What is Going short?
Taking the BTC/USDT trading pair as an example, going short means borrowing more BTC to sell at a higher price and then buying it back at a lower price to earn the difference.
Assume you have a principal of 2,000 USDT and can use 10x leverage to sell 1 BTC short in the BTCUSDT futures market. If BTC’s price drops from 20,000 USDT to 15,000 USDT, your profit and loss (P&L) calculation would be as follows:
1 * (20,000 - 15,000) = 5,000 USDT
In spot trading, it is not possible to profit by going short.
Position Size | Opening Price | Closing Price | P&L |
1 BTC | 20,000 USDT | 15,000 USDT | 5,000 USDT |
Note: For simplicity, the above example does not include calculations for premiums, margin P&L, transaction fees, or funding costs.
How to Go short?
If you anticipate the price of a cryptocurrency will drop, you can use leverage to go short and profit from the decline. Taking BTC/USDT perpetual futures as an example:
After logging into the XT official website, go to the Futures section.
You can search and select the trading pair.
Before opening a position, ensure there are funds in your futures account. You can either buy coins or transfer funds from your spot account. XT does not charge fees for internal transfers. For detailed instructions, refer to how to transfer and view your futures account funds.

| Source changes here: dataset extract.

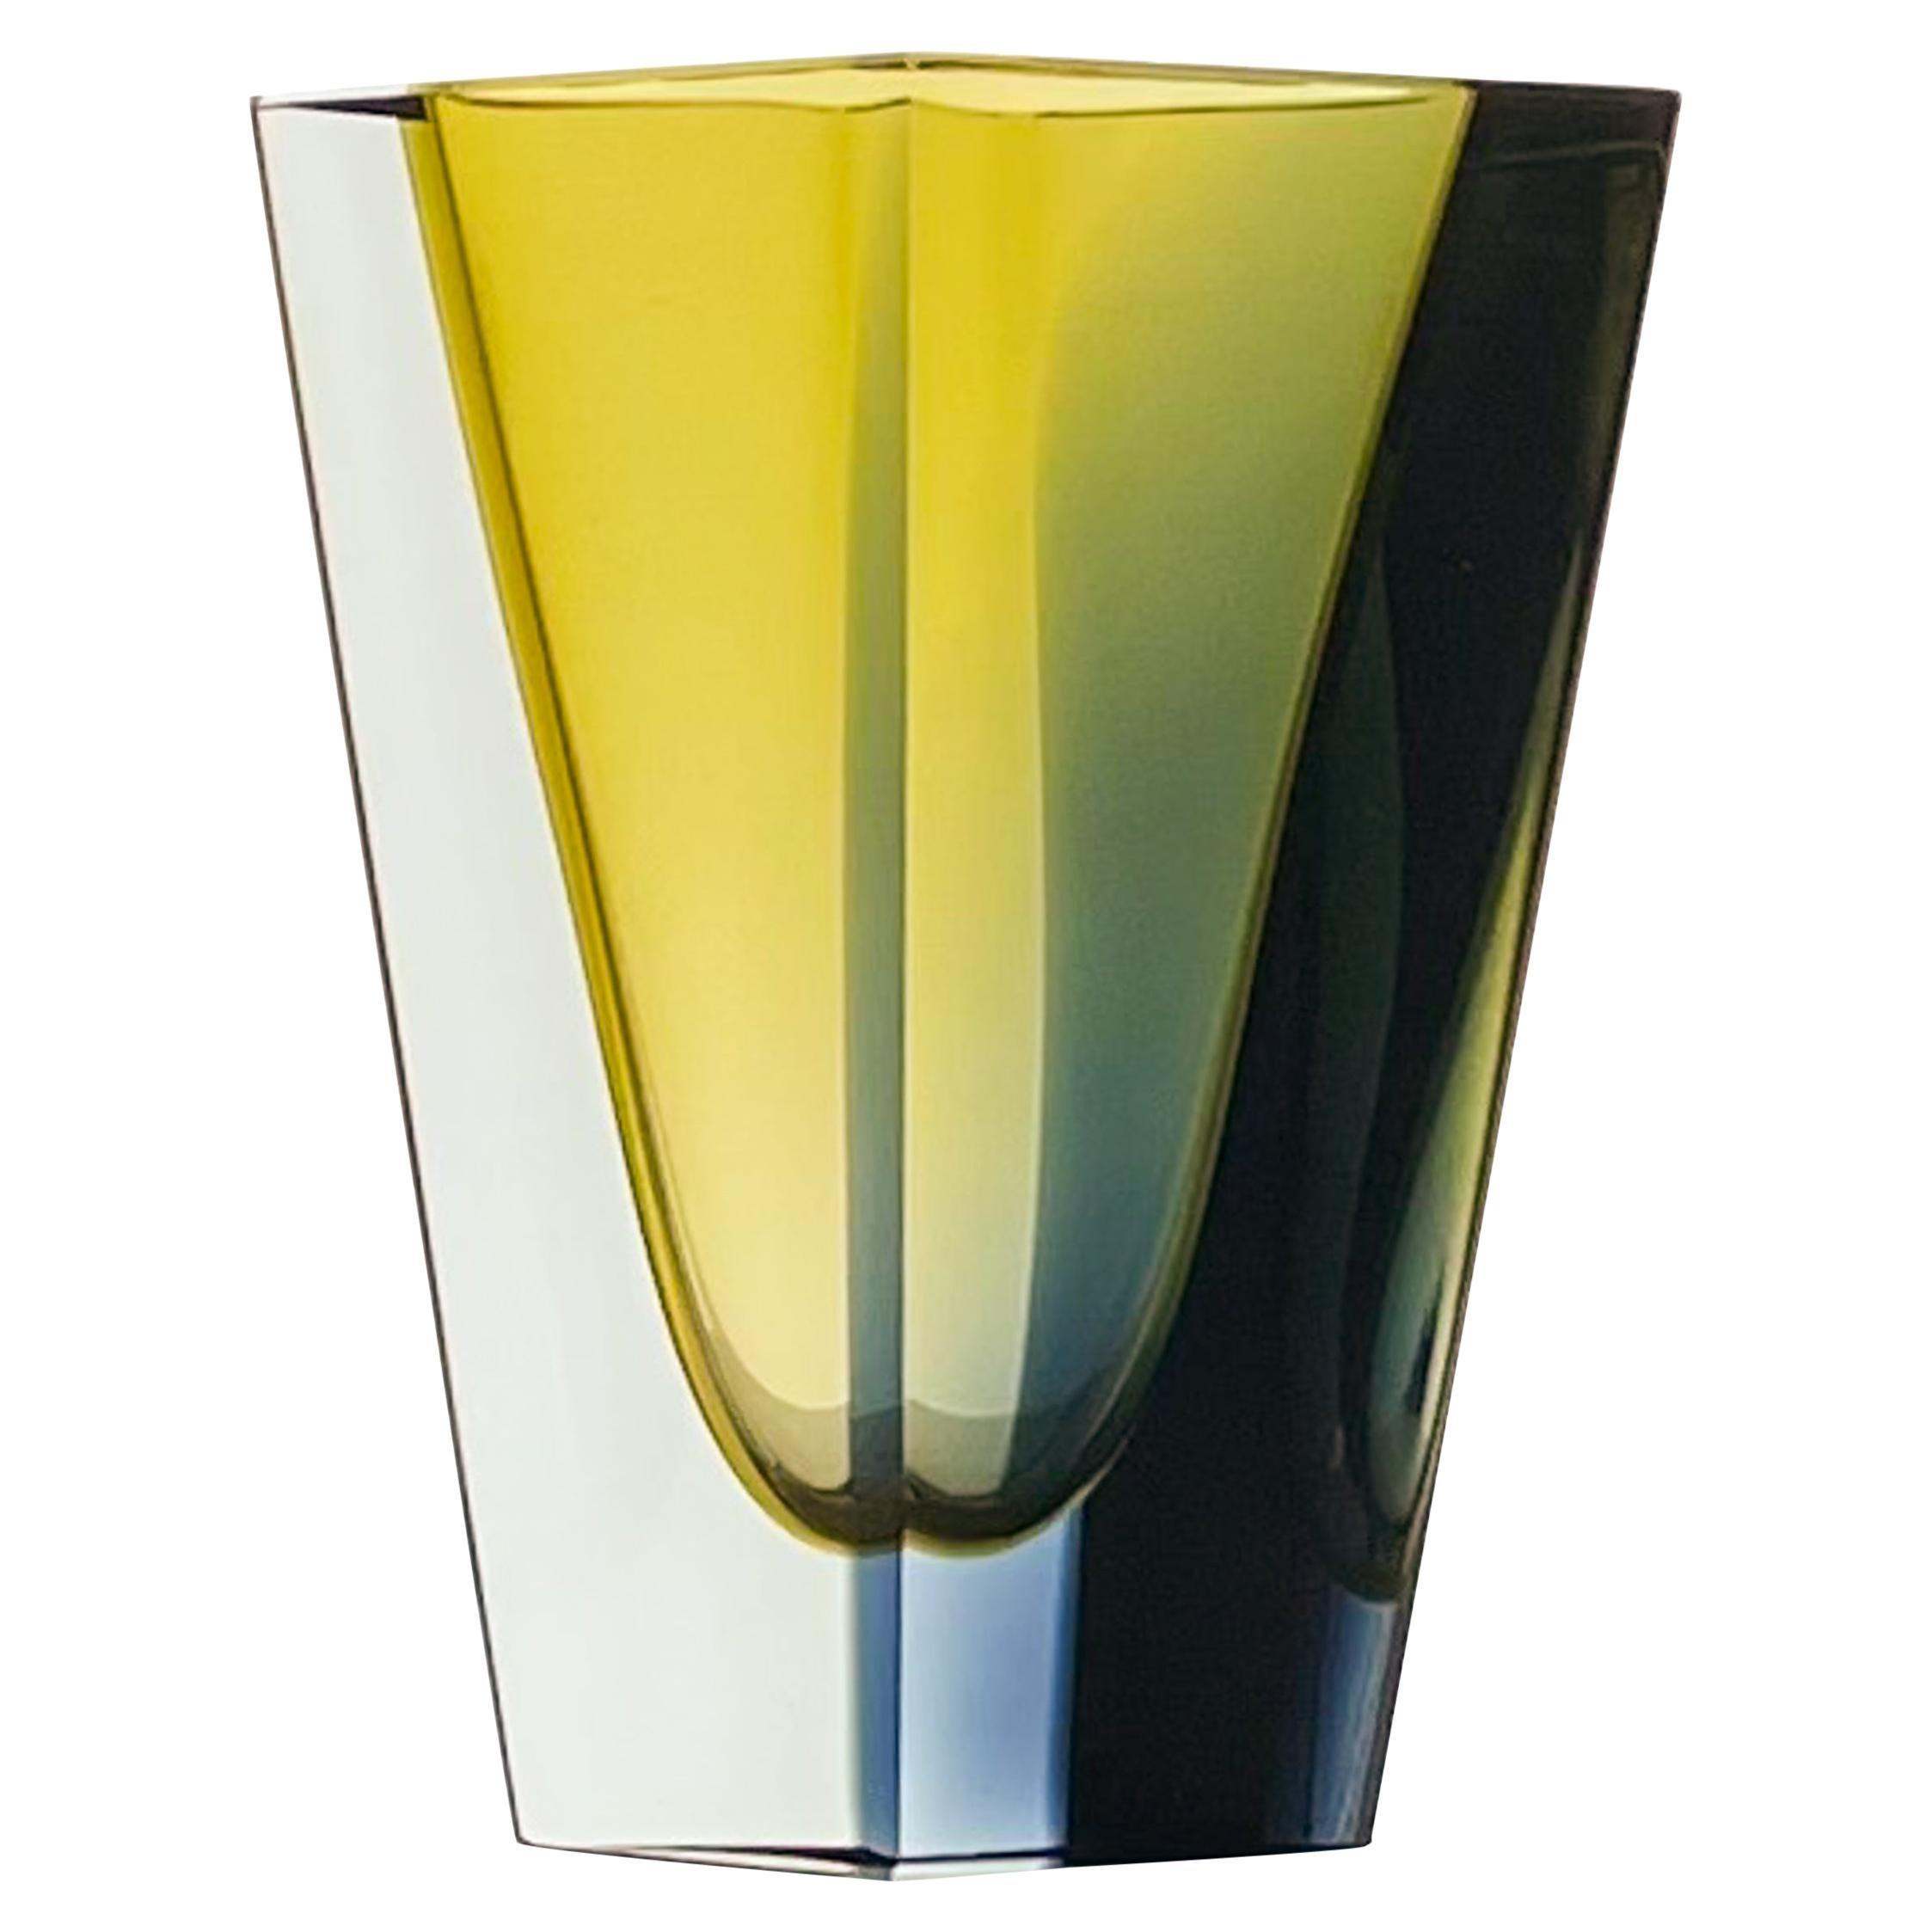 "Kaj Franck, Glass Art-Object ""Prisma"", Model KF 215, Nuutajärvi-Notsjö, 1963"

Select Cross/Isolated Margin and set your Leverage.
Choose the order mode: Limit, Market, or Trigger Order — input the Price and Quantity, and click Sell to Open Short.
Once the order is executed, you can view the position details under Current Position.
Risk Warning:
Futures trading allows you to use less capital to potentially gain more profit. However, if the trade direction is incorrect, losses will also be magnified. XT advises beginners to avoid high-leverage, heavy-position trading to prevent significant losses or liquidation.